- [Work task] Only the lines of the listing below that run from the line with "さいず : 20.5x10x2cm)" through the line with "Attorney Michael Avenatti, right, poses" are to be set down, word for word. Pictures stay out.

- [Records]
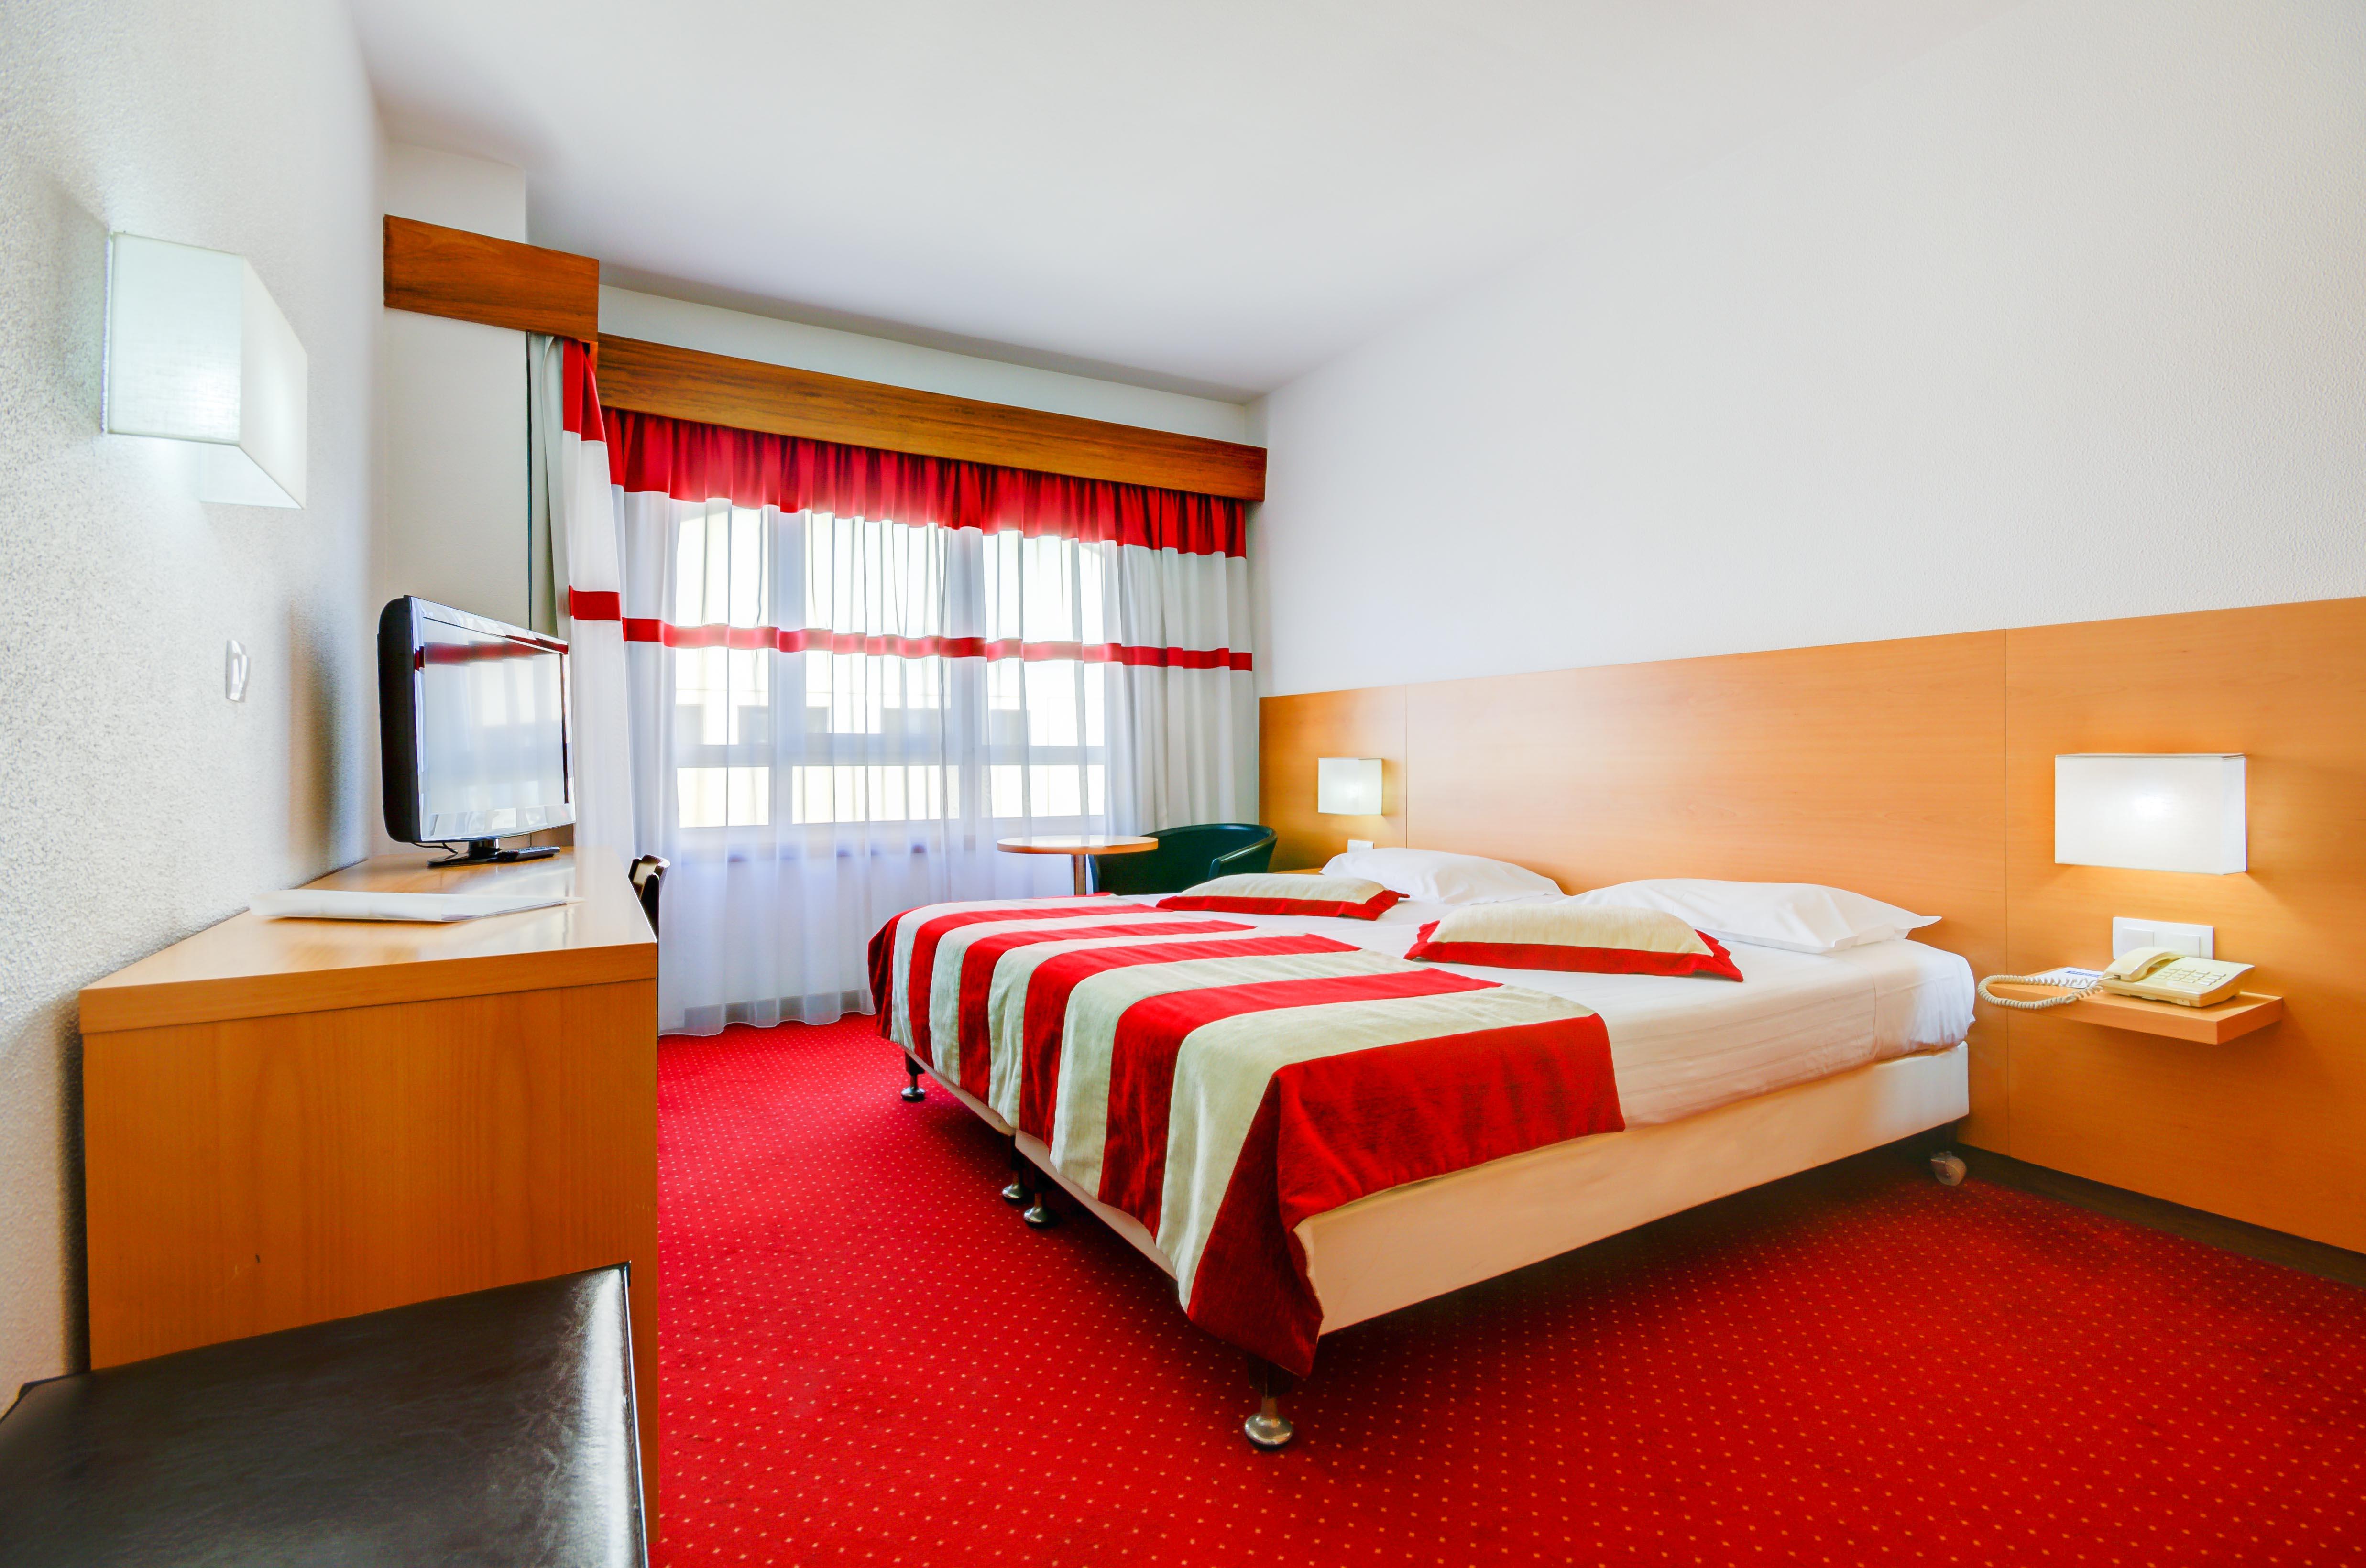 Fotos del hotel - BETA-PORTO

...

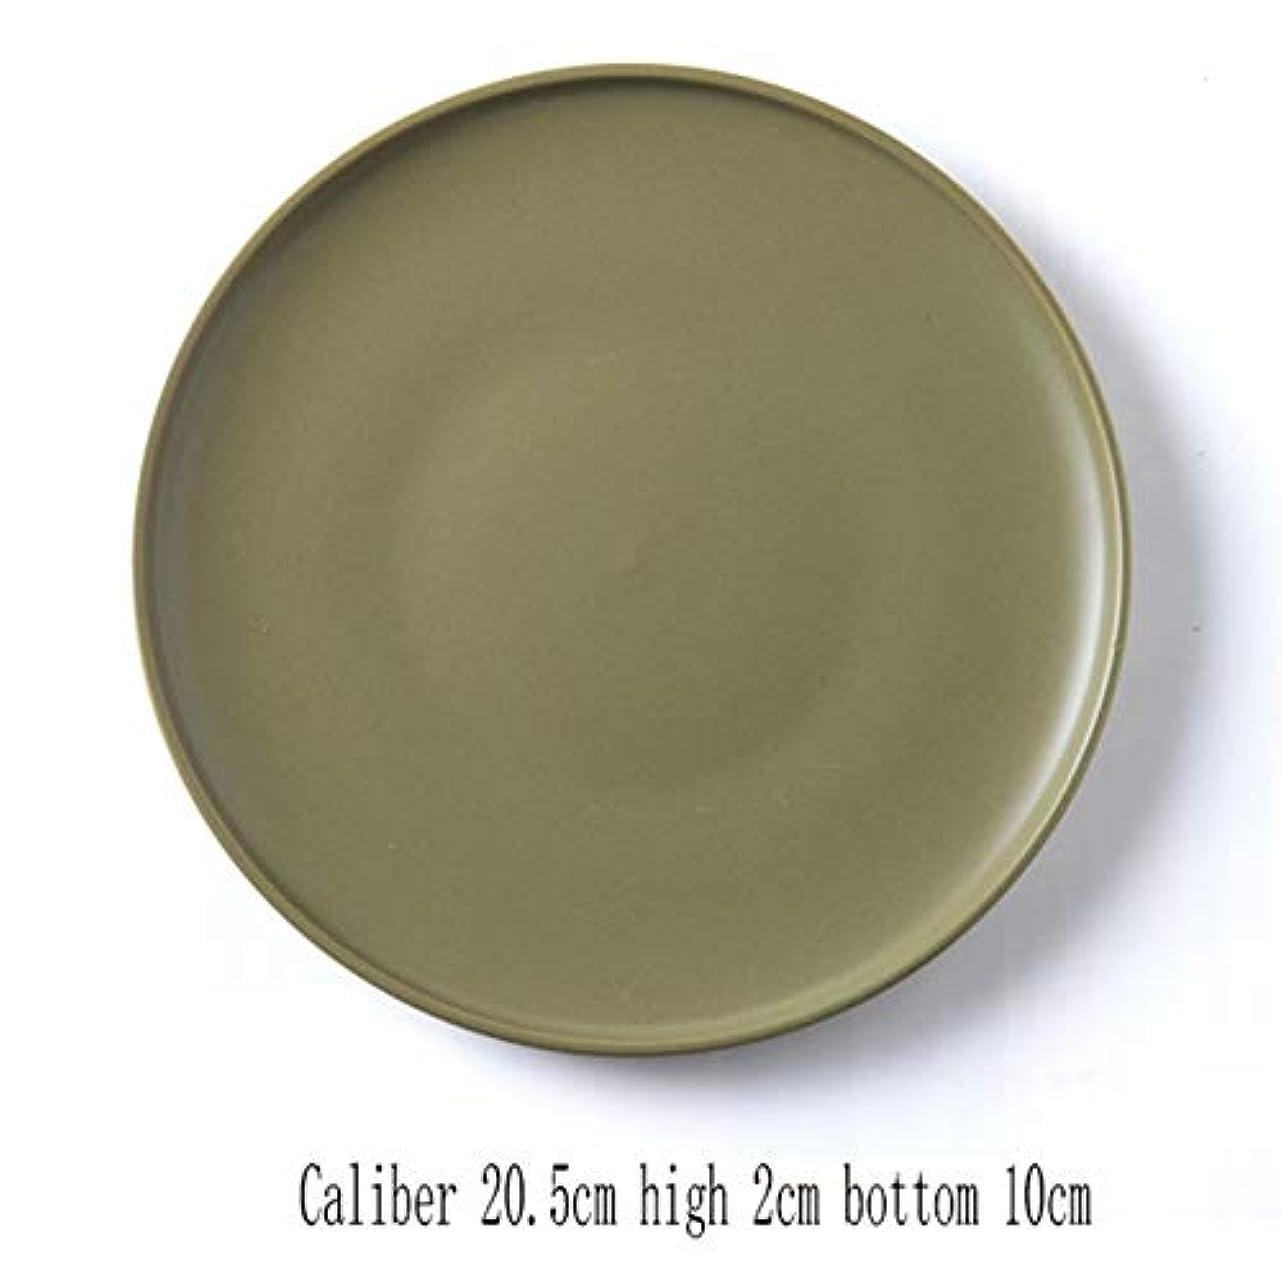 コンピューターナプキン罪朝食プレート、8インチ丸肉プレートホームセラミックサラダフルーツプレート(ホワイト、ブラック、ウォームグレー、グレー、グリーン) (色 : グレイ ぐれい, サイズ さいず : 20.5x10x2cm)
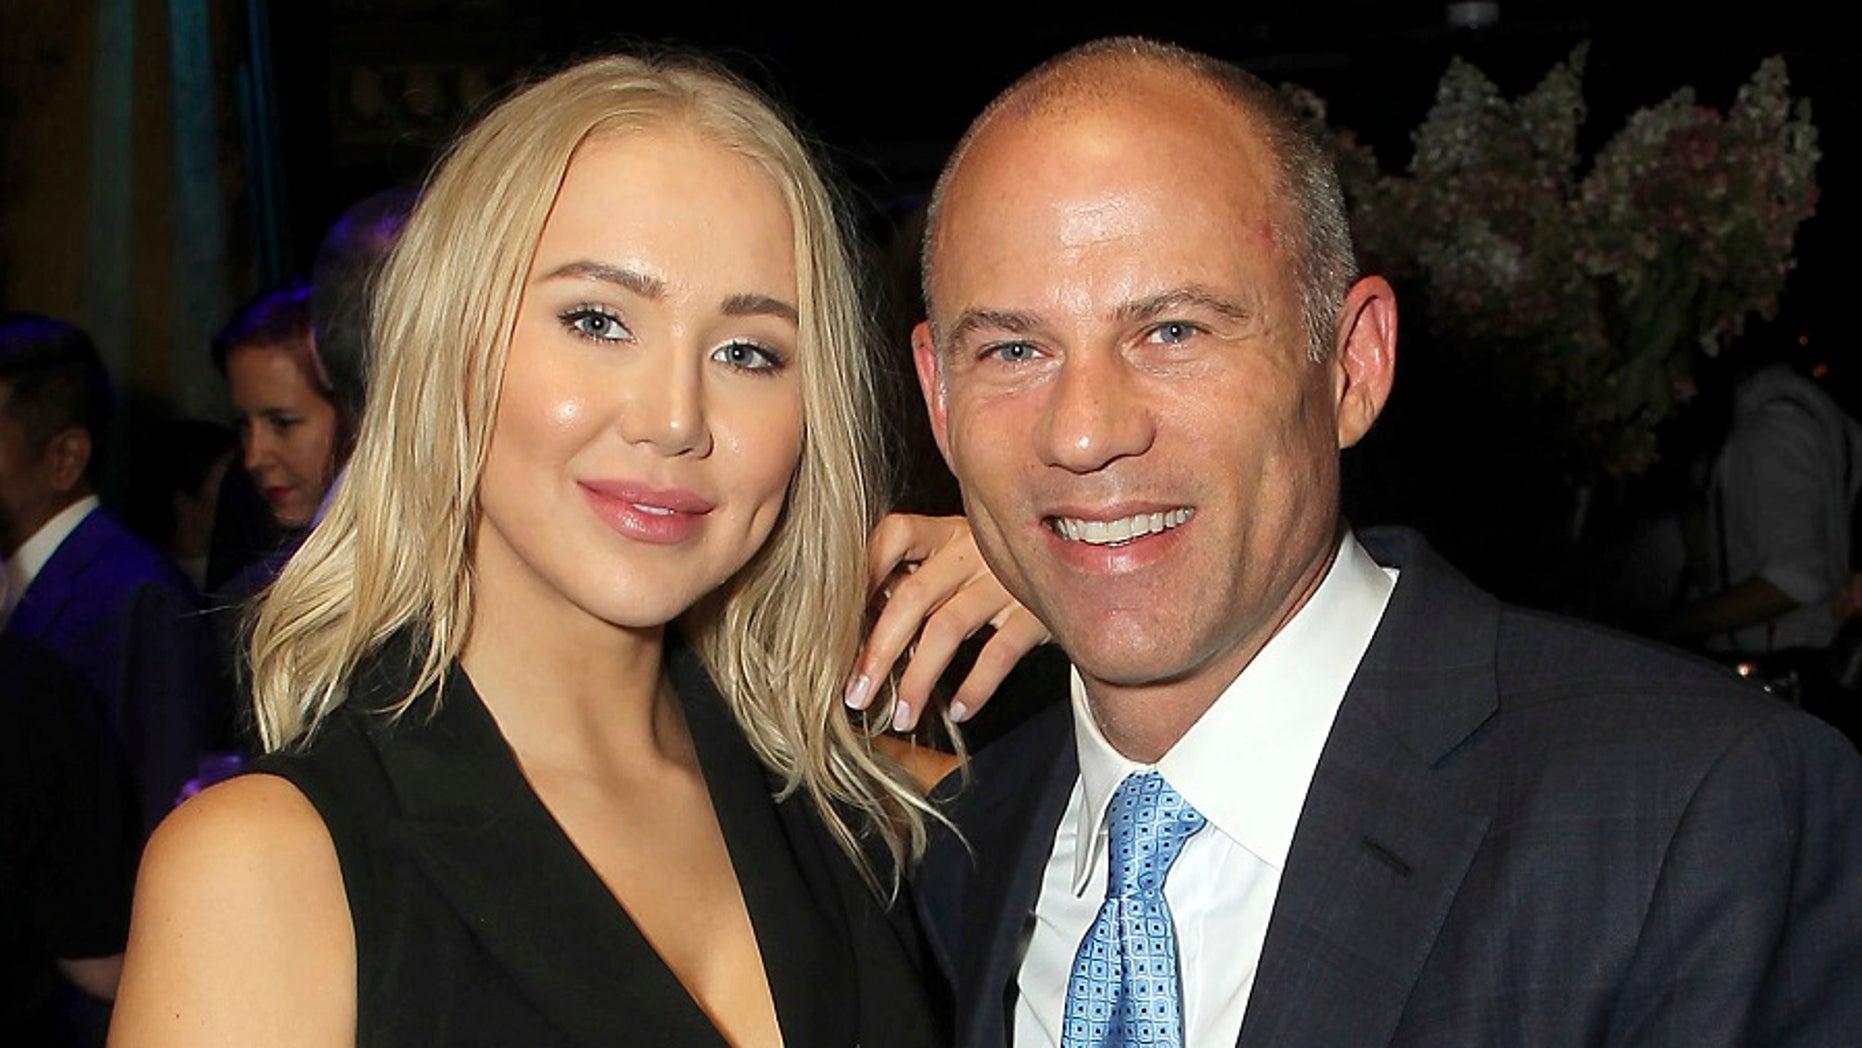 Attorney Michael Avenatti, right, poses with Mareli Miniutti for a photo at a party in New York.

...

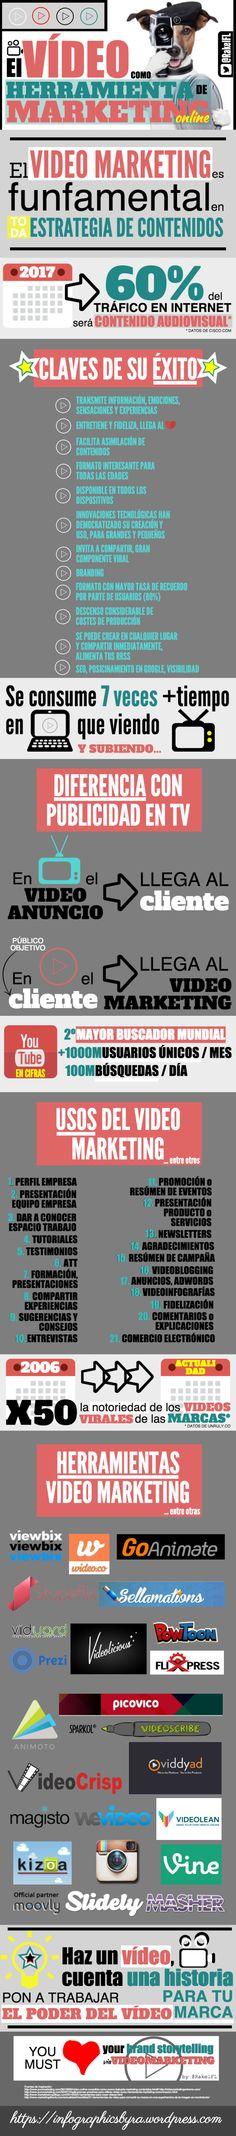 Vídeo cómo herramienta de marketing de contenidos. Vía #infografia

- [Response box]
 コンピューターナプキン罪朝食プレート、8インチ丸肉プレートホームセラミックサラダフルーツプレート(ホワイト、ブラック、ウォームグレー、グレー、グリーン) (色 : グレイ ぐれい, サイズ さいず : 20.5x10x2cm)
 Attorney Michael Avenatti, right, poses with Mareli Miniutti for a photo at a party in New York.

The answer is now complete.